YOUR OBJECTIVE:
Only the lines from the one holding "Shangri La Hotel" to the end of the data should be echoed, exactly as they appear, minus the pictures.

DATA SECTION:

>>

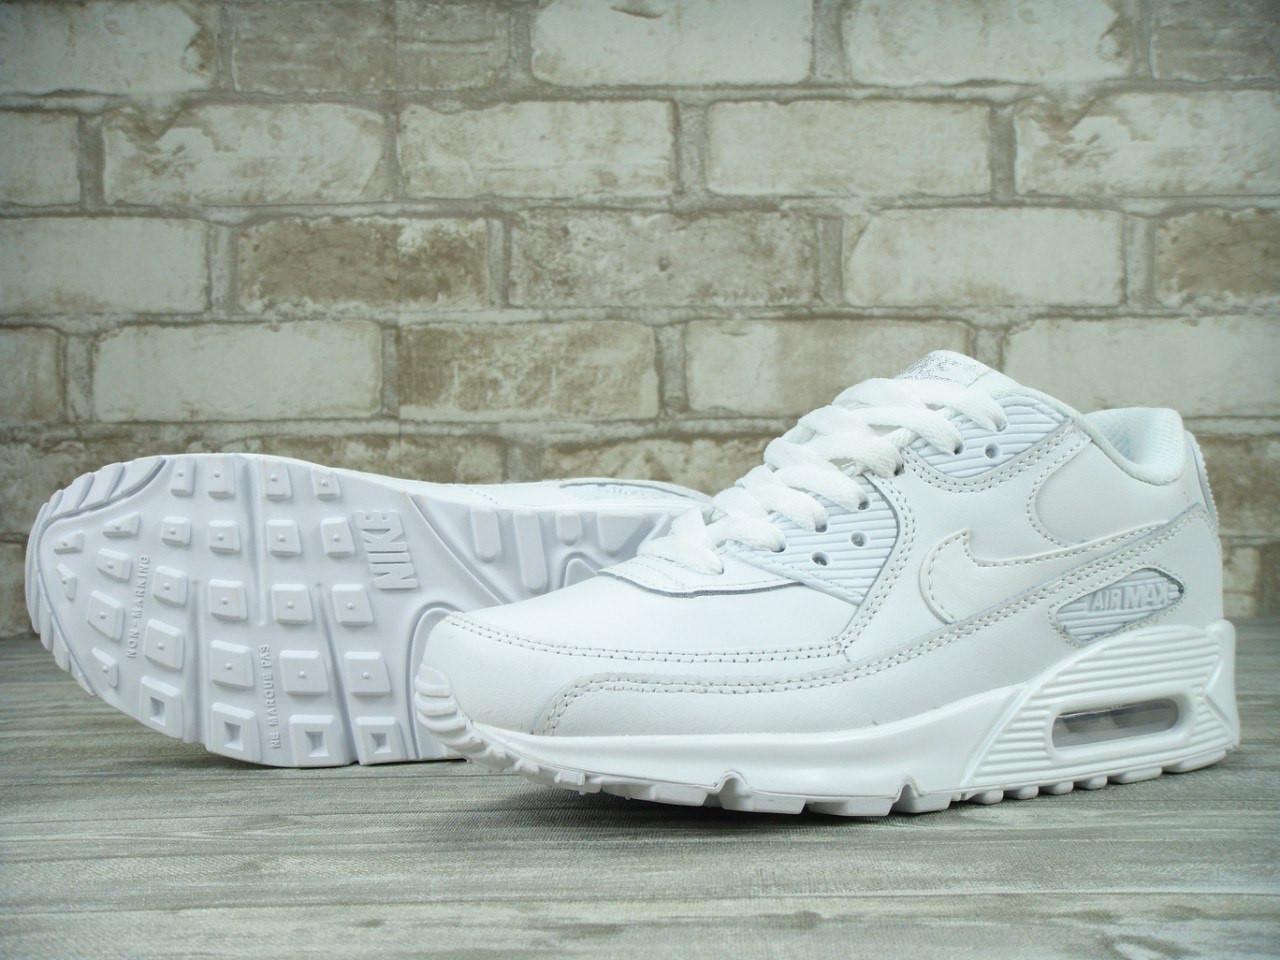 96c56ce2 Nike Air Max 90 all white кроссовки унисекс (Реплика ААА+) - Monkey Vape
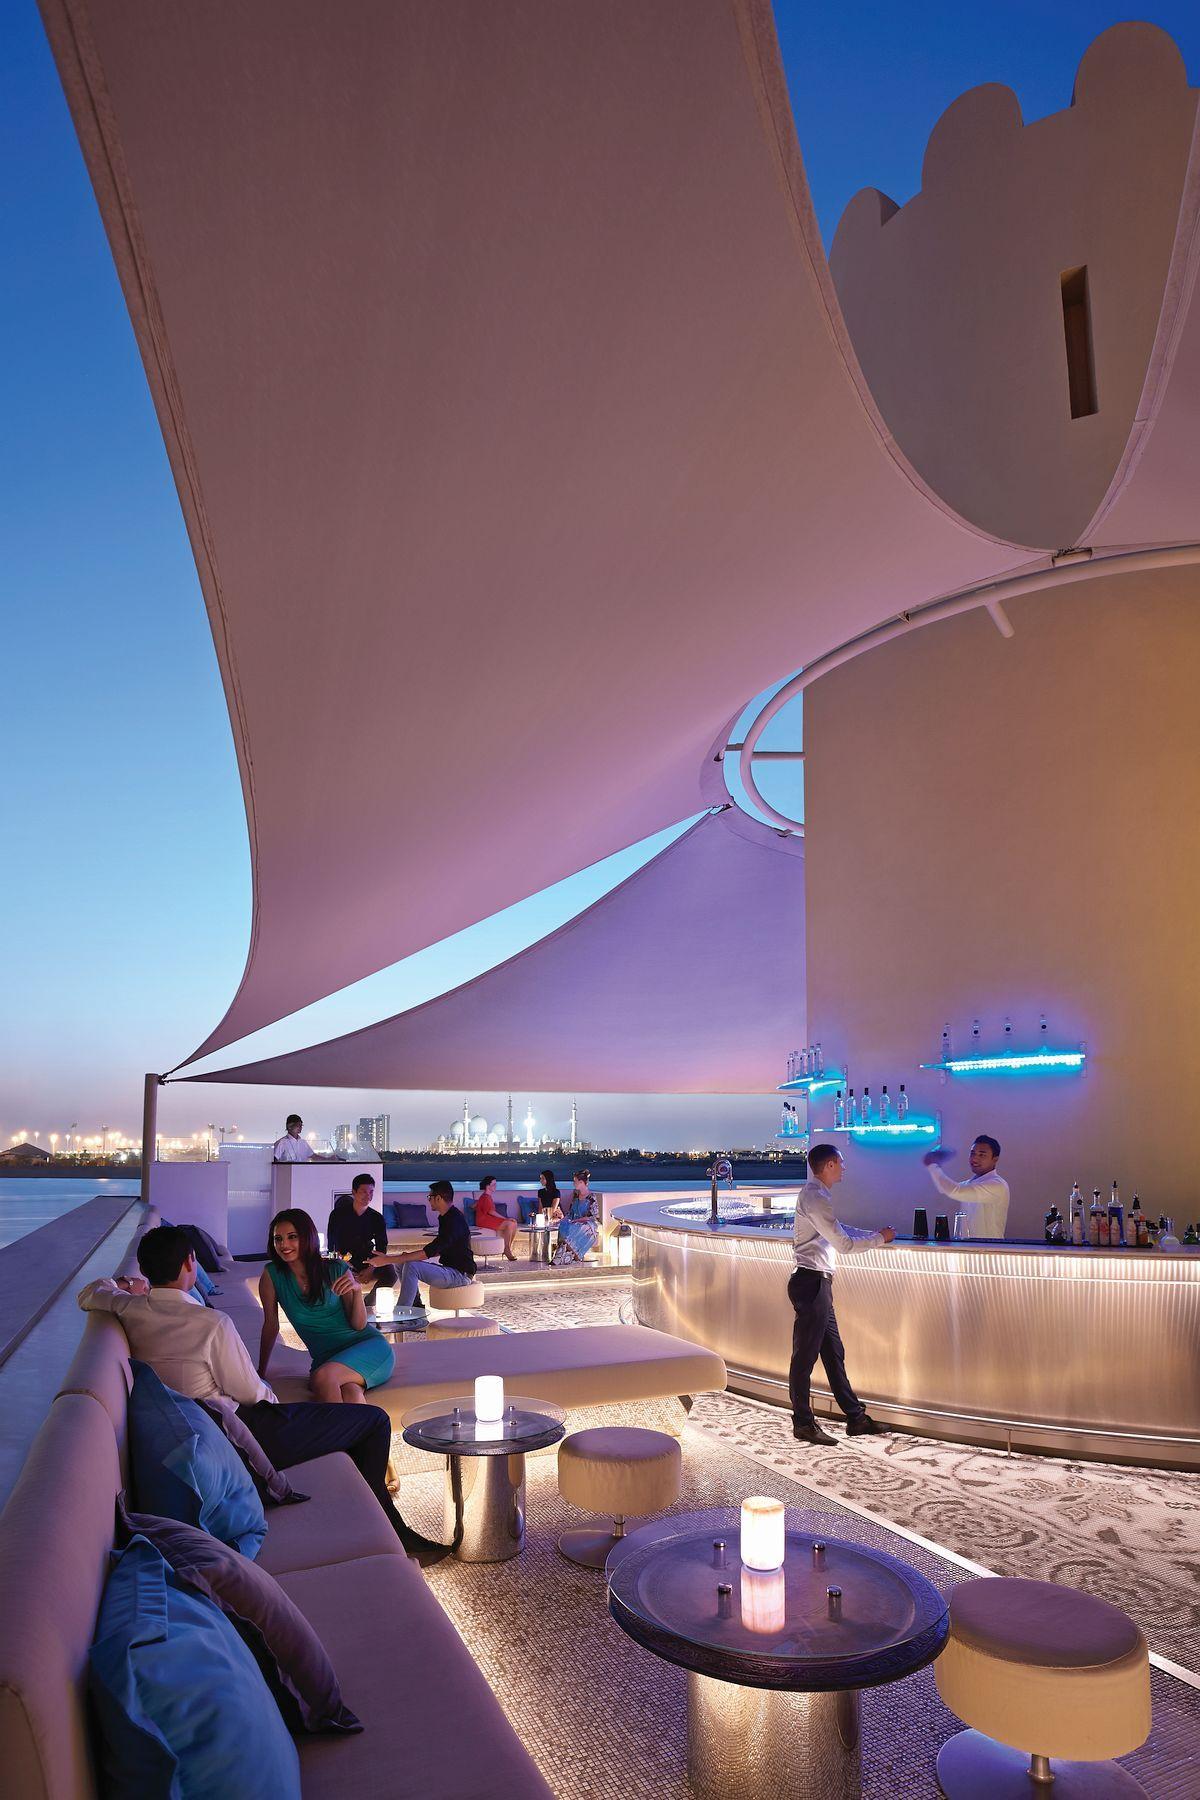 Shangri La Hotel Qaryat Al Beri Abu Dhabi A Rooftop
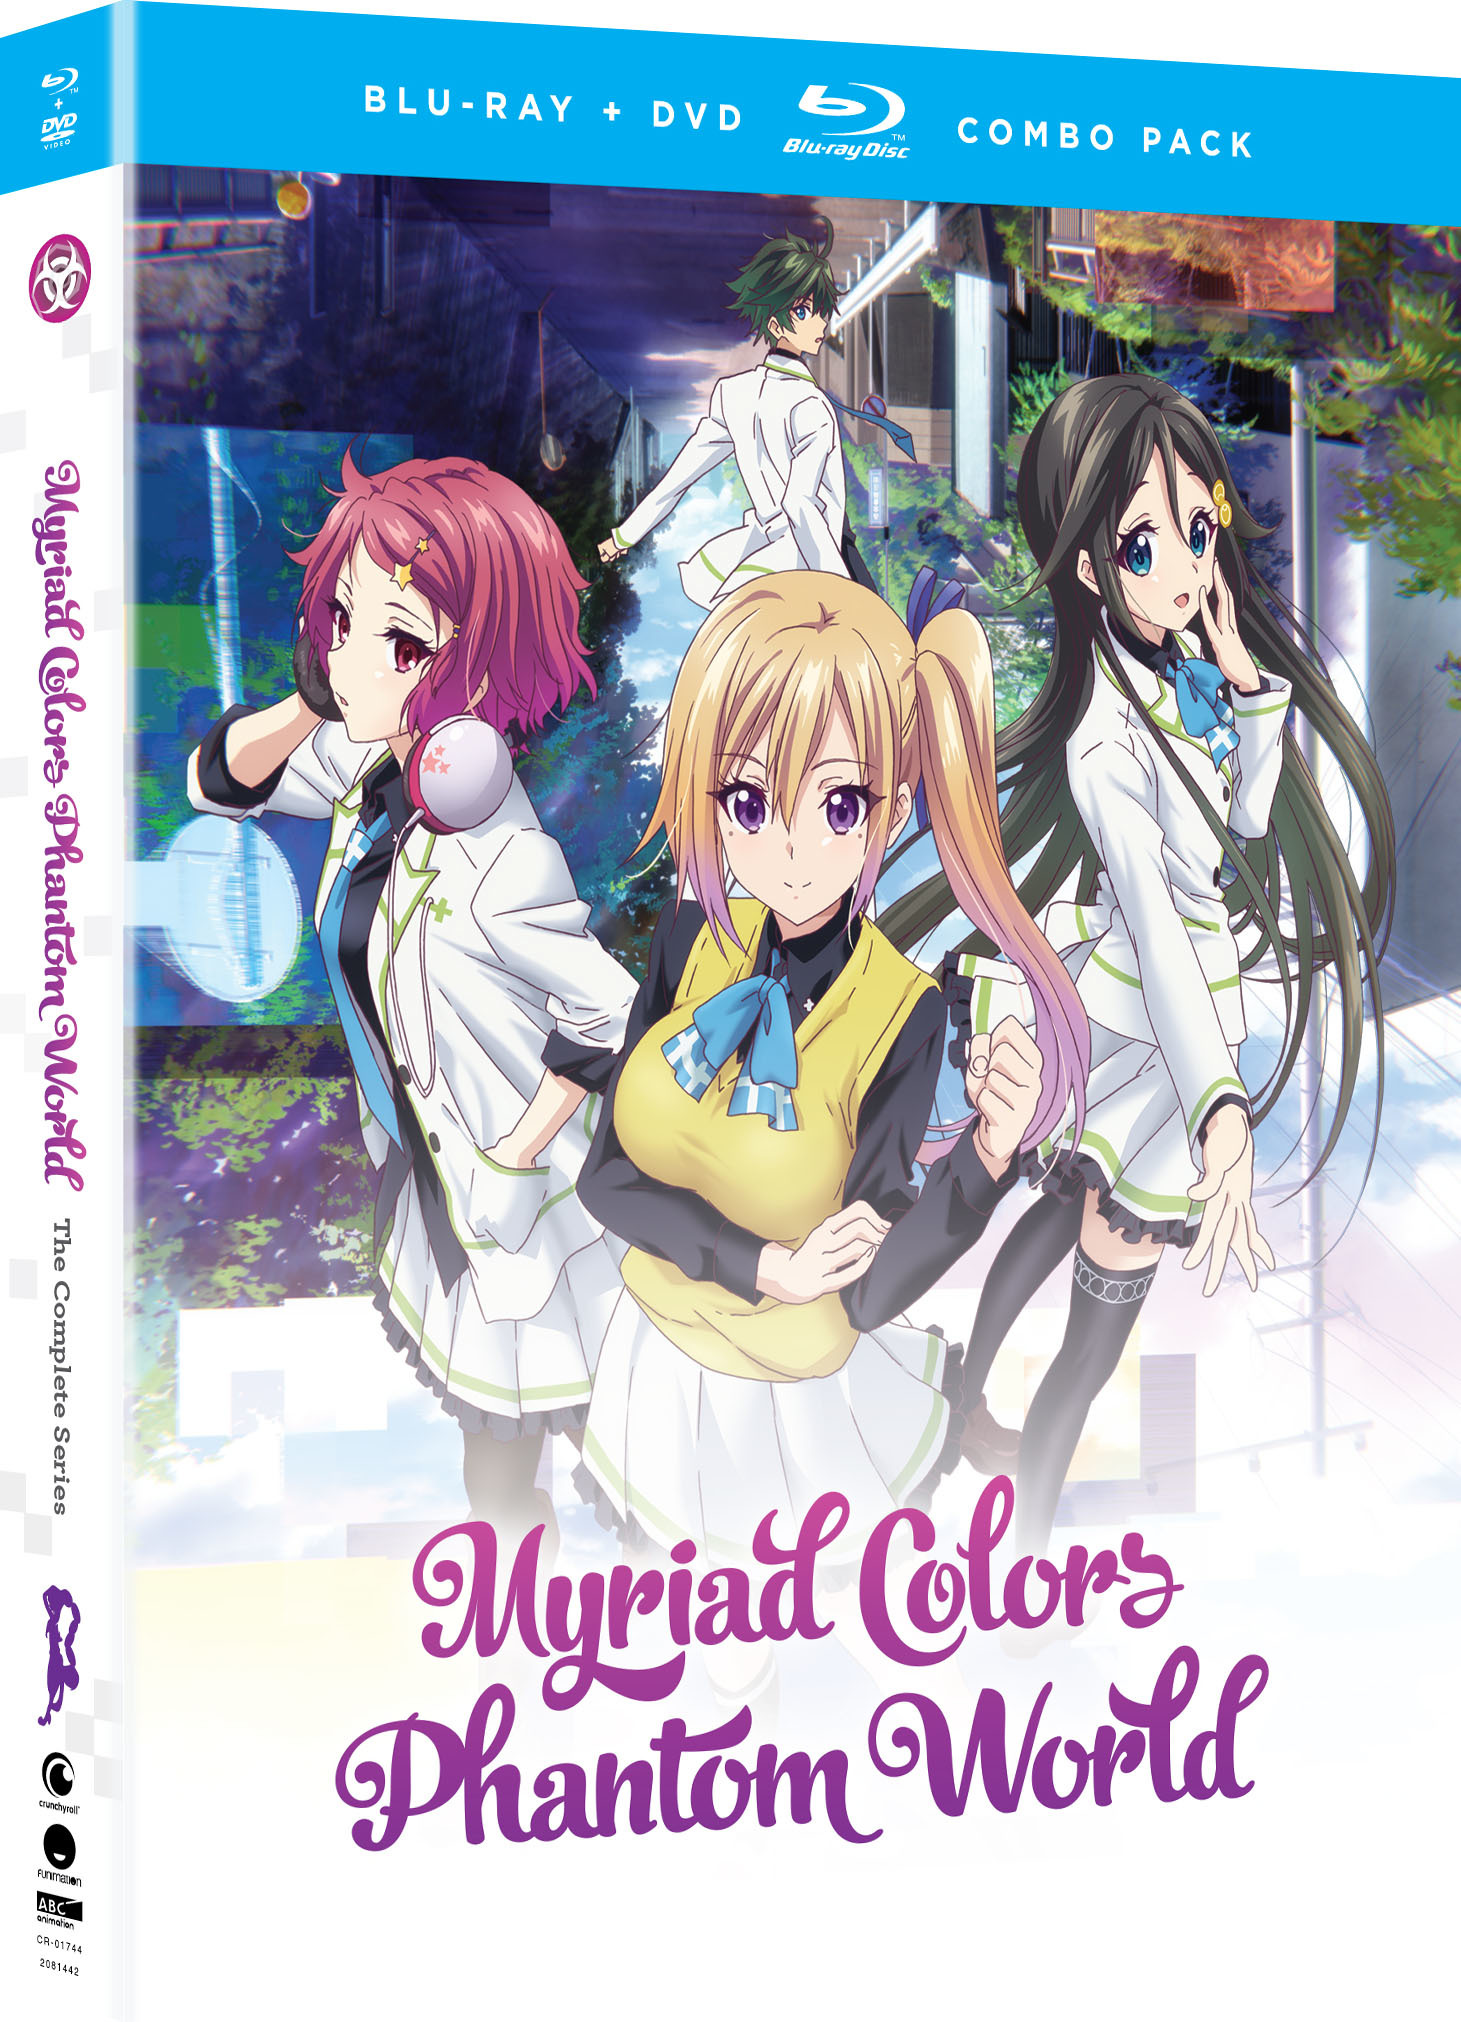 Myriad Colors Phantom World Blu-ray/DVD

<<

RESULT OF THIS EXERCISE:
 Shangri La Hotel Qaryat Al Beri Abu Dhabi A Rooftop
 Myriad Colors Phantom World Blu-ray/DVD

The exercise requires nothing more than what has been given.